December 31, 2014 and 2013
 
 
Inventory
 
Inventory consists of set-top boxes and parts for set-top boxes.  Inventories are recorded at the lower of cost and net realizable value. Cost is accounted for on a first-in, first-out basis. The Company evaluates its ending inventories for estimated excess quantities and obsolescence. This evaluation includes analyses of sales levels and projections of future demand within specific time horizons. Inventories in excess of future demand are reserved. In addition, the Company assesses the impact of changing technology and market conditions on its inventory-on-hand and writes off inventories that are considered obsolete.
 
Property, plant and equipment
 
Property, plant and equipment are carried at cost less accumulated depreciation. Expenditures for maintenance and repairs are expensed currently, while renewals and betterments that materially extend the life of an asset are capitalized.
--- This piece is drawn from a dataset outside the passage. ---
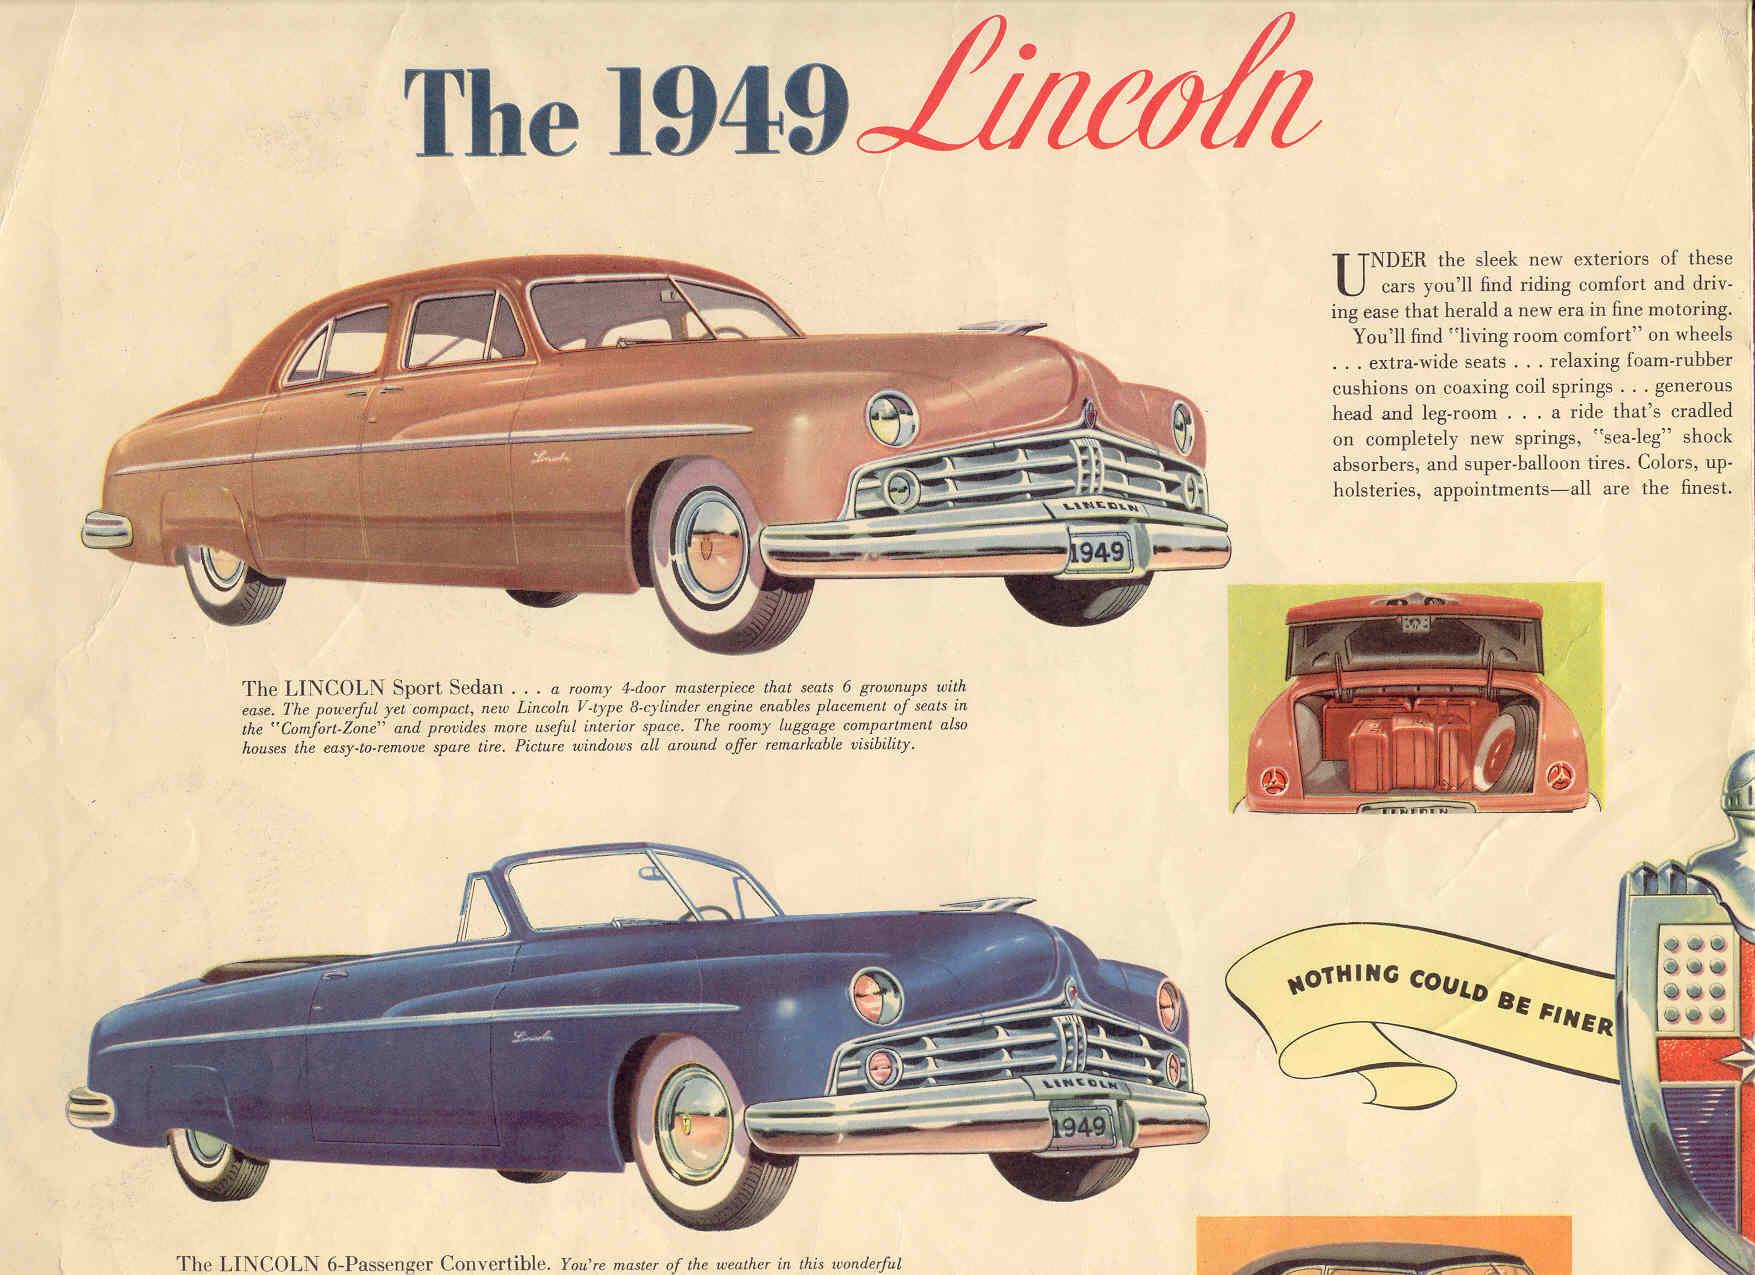 /1949 Lincoln (2).jpg

The cost of assets sold, retired or otherwise disposed of, and the related allowance for depreciation, are eliminated from the accounts, and any resulting gain or loss is recognized.
 
Depreciation is provided using the straight-line method over the estimated useful lives of the assets, which are as follows:
 
Computer hardware
5 years
Computer software
3 years
Furniture and fixtures
7 years
Vehicles
5 years
Leasehold improvements
Shorter of useful life and lease term
 
The Company reviews the carrying value of property, plant and equipment for impairment whenever events and circumstances indicate that the carrying value of an asset may not be recoverable from the estimated future cash flows expected to result from its use and eventual disposition. If these future undiscounted cash flows are less than the carrying value of the asset, then the carrying amount of the asset is written down to its fair value, based on the related estimated discounted future cash flows. The factors considered by management in performing this assessment include current operating results, trends and prospects, the manner in which the property, plant and equipment are used and the effects of obsolescence, demand, competition and other economic factors. Based on this assessment, no impairment was recorded for the years ended December 31, 2014 and 2013.
 
Intangible assets
 
Intangible assets are recorded at cost less amortization.  Cost of intangible assets acquired through business combinations represents their fair market value at the date of acquisition.  Amortization is calculated using the straight-line method over the estimated useful lives of the intangible assets, which are as follows:
 
Customer relationships
5-7 years
Completed technology
5 years
Trademarks
1 year
 
The Company reviews the carrying value of its definite lived intangible assets for impairment whenever events and circumstances indicate that the carrying value of an asset may not be recoverable from the estimated future cash flows expected to result from its use and eventual disposition. If these future undiscounted cash flows are less than the carrying value of the asset, then the carrying amount of the asset is written down to its fair value, based on the related estimated discounted future cash flows. The factors considered by management in performing this assessment include current operating results, trends and prospects, the manner in which the intangible assets are used and the effects of obsolescence, demand, competition and other economic factors. Based on this assessment, no impairment was recorded for the years ended December 31, 2014 and 2013.
 
 
F-10

 
NEULION, INC.
 
NOTES TO CONSOLIDATED FINANCIAL STATEMENTS
(Expressed in U.S. dollars, unless otherwise noted)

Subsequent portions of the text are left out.